The European Commission’s recent decision that the Irish government must collect €13 billion ($14.6 billion) in illegal tax benefits from Apple has been greeted positively by many left-wing figures and political groups. The Irish left-wing political party, People Before Profit, has advocated spending this windfall on desperately needed social housing, also known as affordable housing in the U.S. However, imbuing the EC’s decision with any socialist motive dangerously belies reality.

The investigation into Apple’s tax benefits was not the pinnacle of the liberal crusade for economic justice. Confirmation of this fact is all but secured by looking at the EC’s history of regressive economic policy.
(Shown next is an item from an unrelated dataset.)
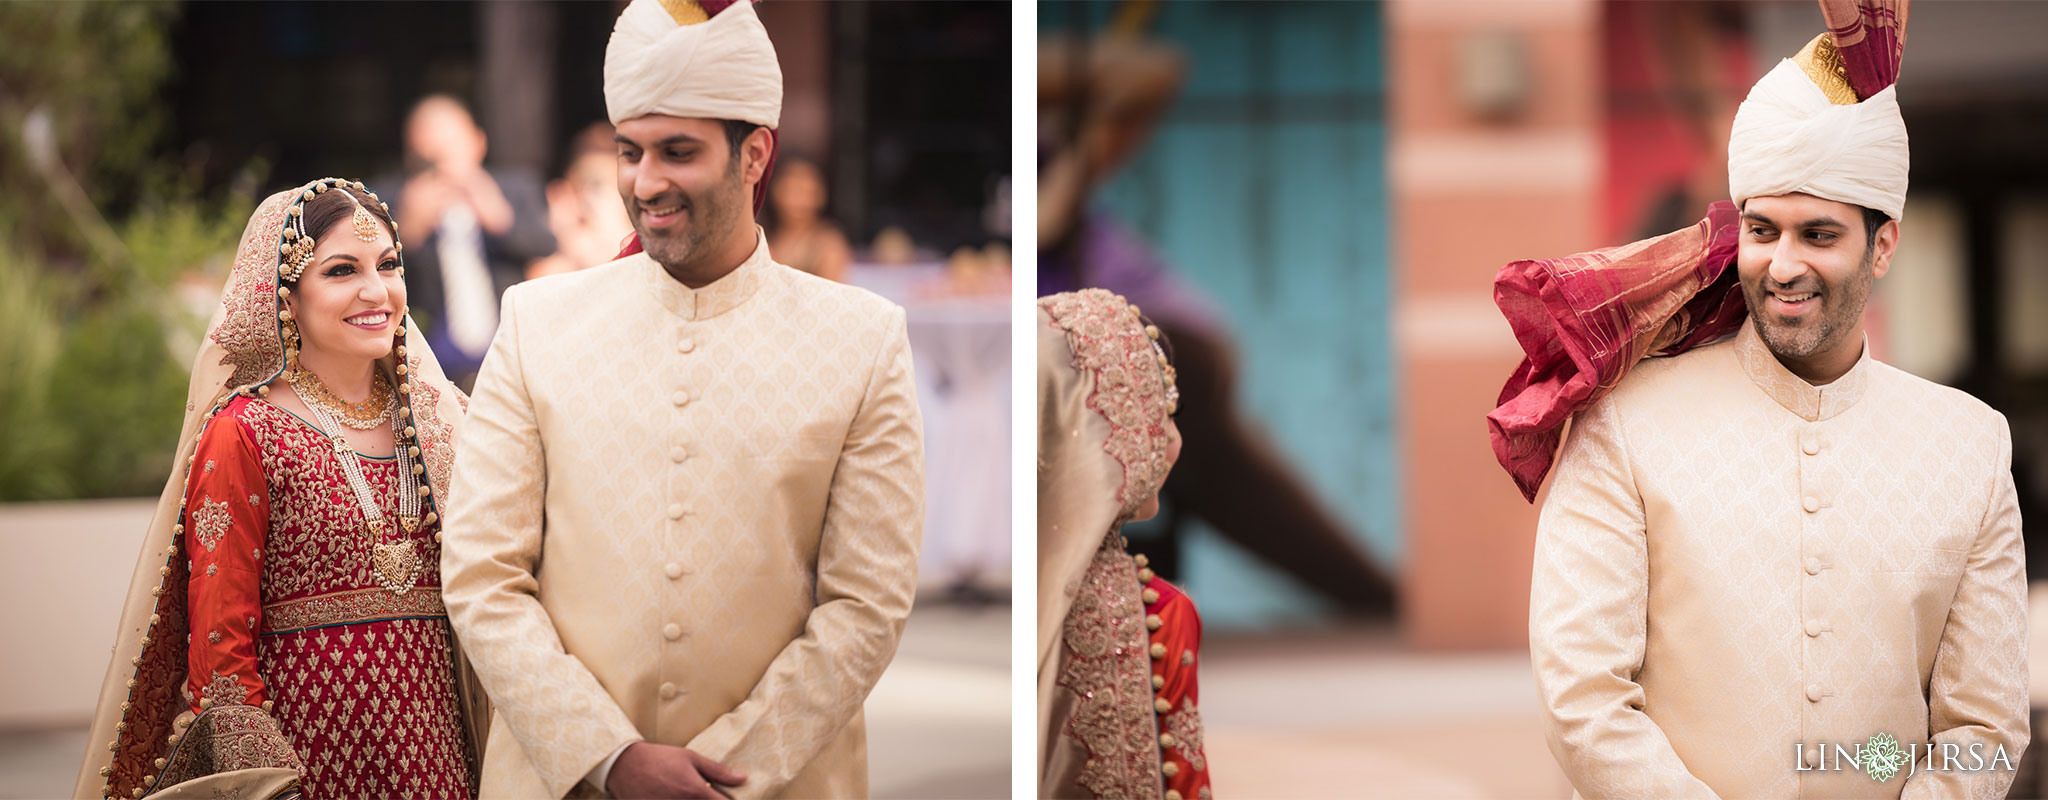 08 hilton long beach pakistani persian muslim first look wedding photography

Over the past six years, the EC in conjunction with the International Monetary Fund and European Central Bank spearheaded vicious austerity programs in Greece, Cyprus, Portugal, Ireland and Spain. The results of this economic violence are still felt today, with these countries experiencing wide scale unemployment, housing crises and political unrest.
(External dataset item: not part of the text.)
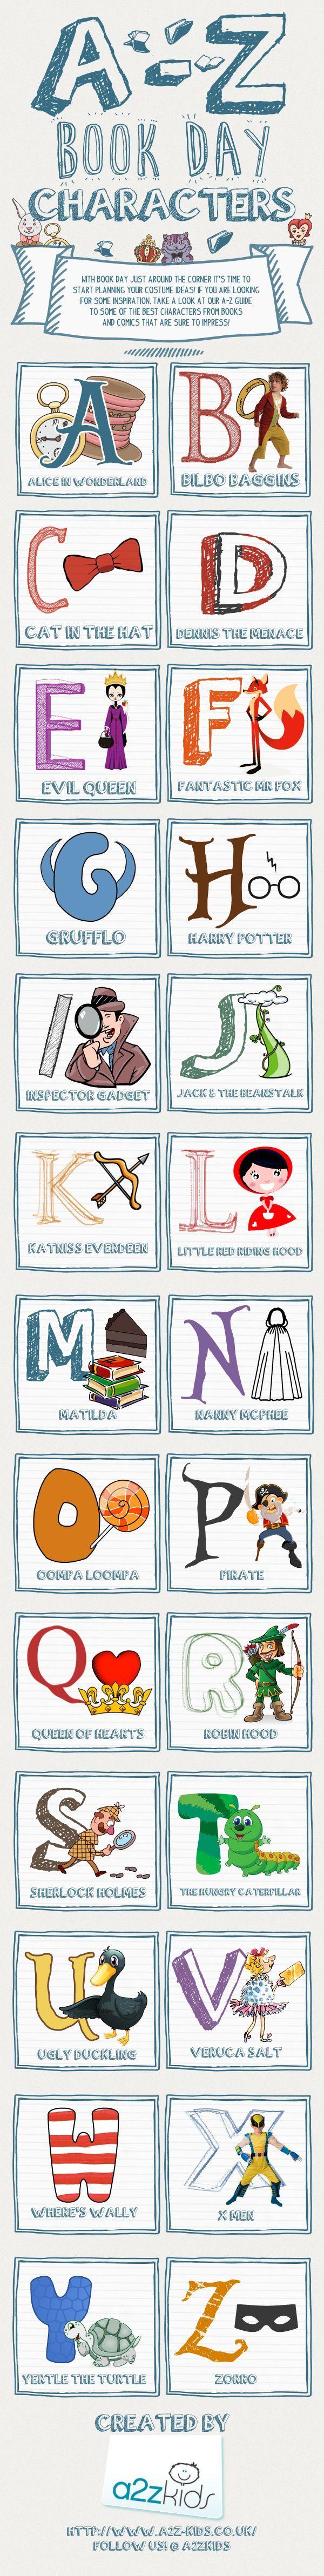 Fabulous Ideas For World Book Day including fancy dress ideas

The EC evidently does not care about creating a fair tax system in Ireland. It has been apathetic to calls for economic equality and to the suffering of millions of European workers. Instead, the lure of capitalist profiteering prevailed. While it is true that Ireland overstepped free trade regulations by aiding the company, it is also evident that the EU’s regressive rules disproportionately harms smaller, poorer countries. It is these abstract rules that the European Commission sought to uphold in its decision, while disregarding the interests of European workers.

With this ruling, the EC stated that in order to protect free trade, countries cannot provide preferential treatment to multinational firms to attract their business. What they missed is that this principle is at the heart of the global inequality perpetuated by free trade systems. When poorer countries cannot attract business through state aid, it incentivizes big businesses to stay within the borders of wealthy, advanced and industrialized countries. Arbitrary historic advantages have allowed some nations to develop resources and amenities faster than others, and because capital will always seek the most preferable conditions, this system fosters inequality.
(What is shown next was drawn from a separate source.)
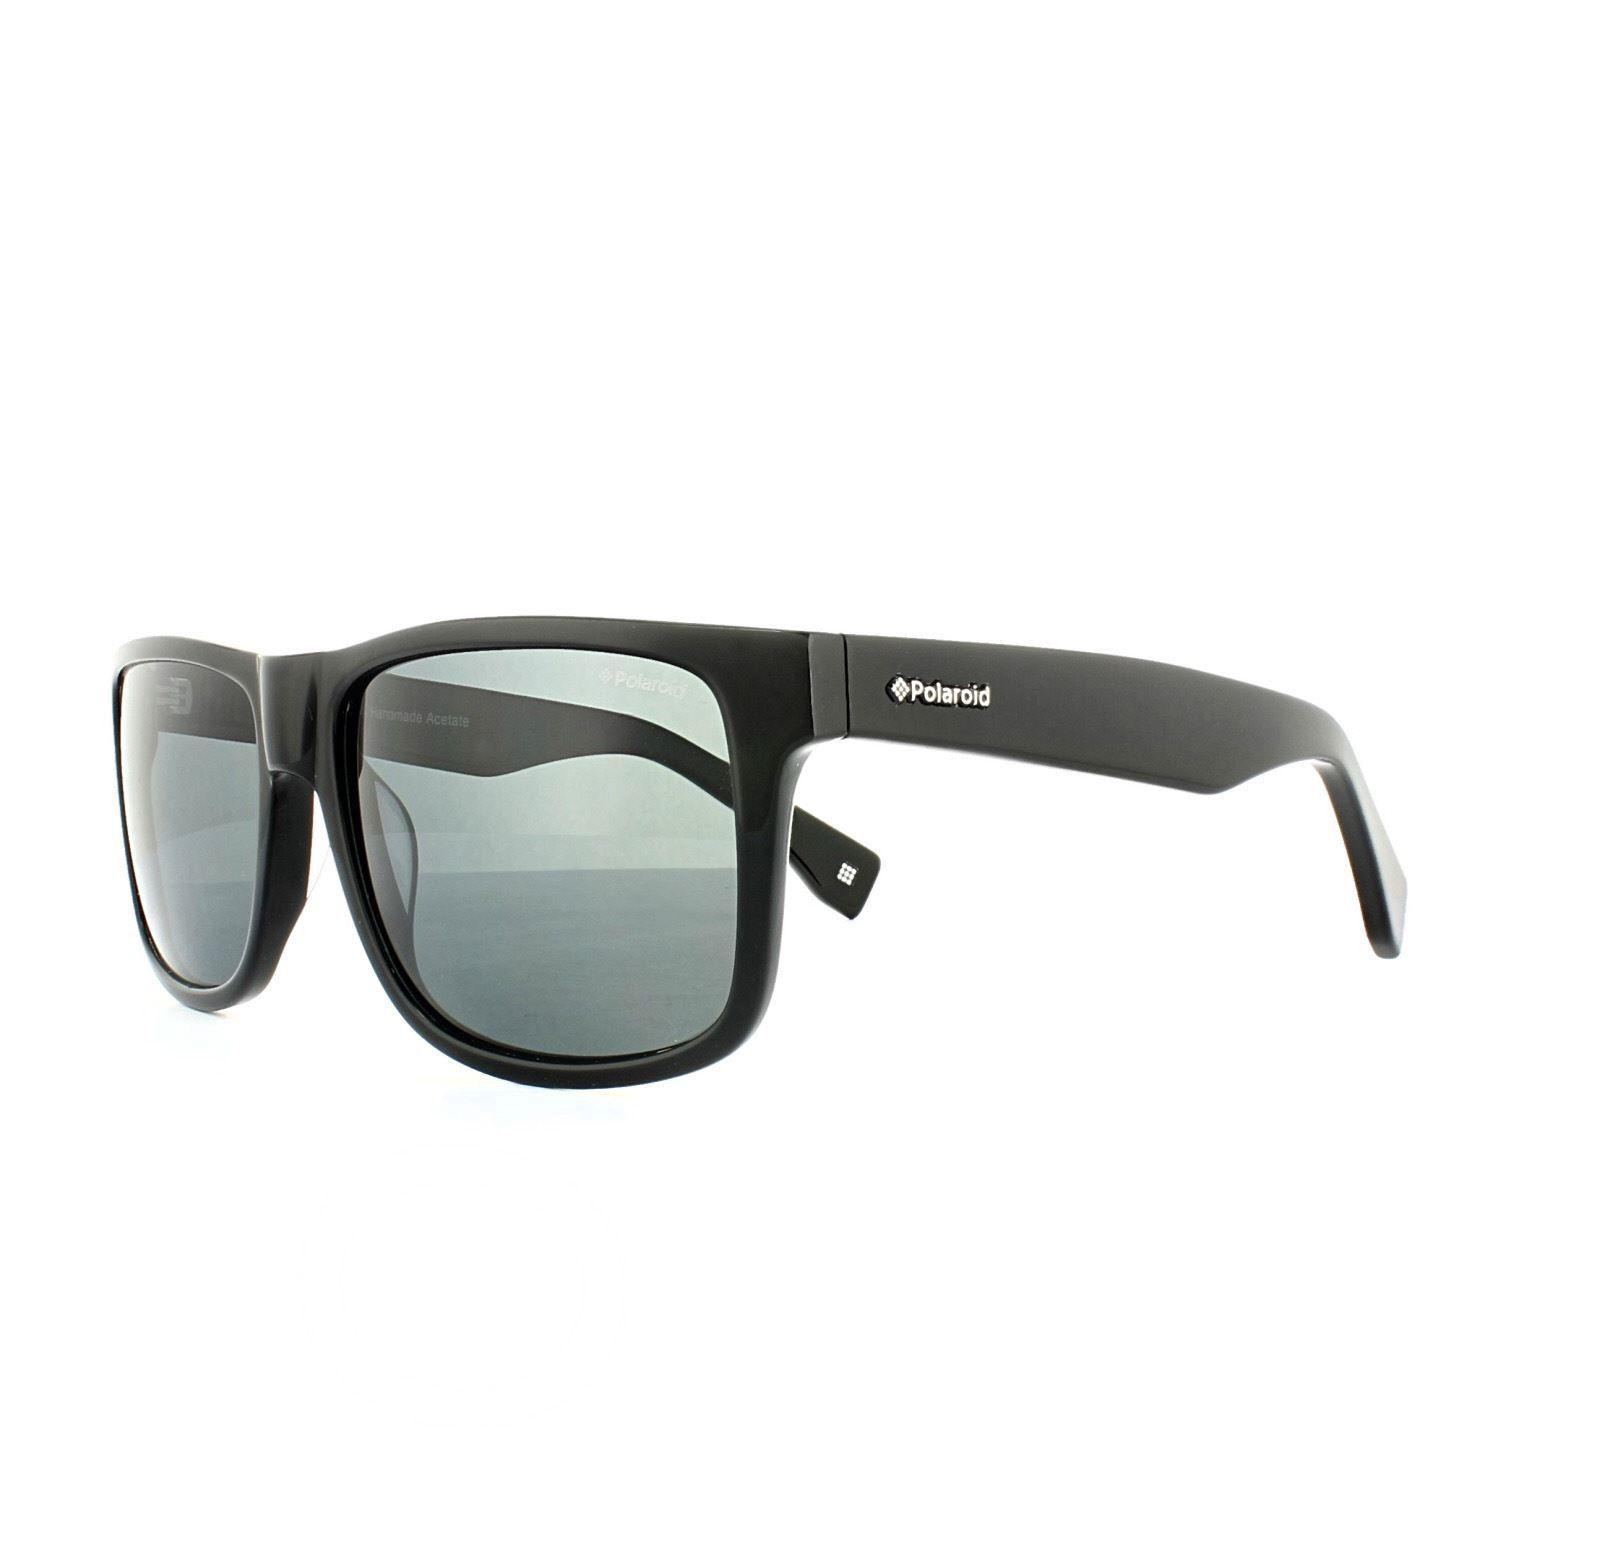 Polaroid Premium Sunglasses PLD 1001-S 807 Y2 Black Grey Polarized

Large rich countries such as Germany, the U.K. and France clearly derive benefit from these rules and would naturally want them to be kept in place. But if poorer European countries such as Romania, Bulgaria and Croatia cannot give state aid, they are unlikely to ever compete for foreign direct investment. The unfair, unequal status quo is thus maintained in perpetuity.

While it was despicable of Ireland to allow a company to pay almost no tax, we should not forget that the EC’s motives in deciding this case were equally appalling and underlie a system of egregious state-sanctioned inequality.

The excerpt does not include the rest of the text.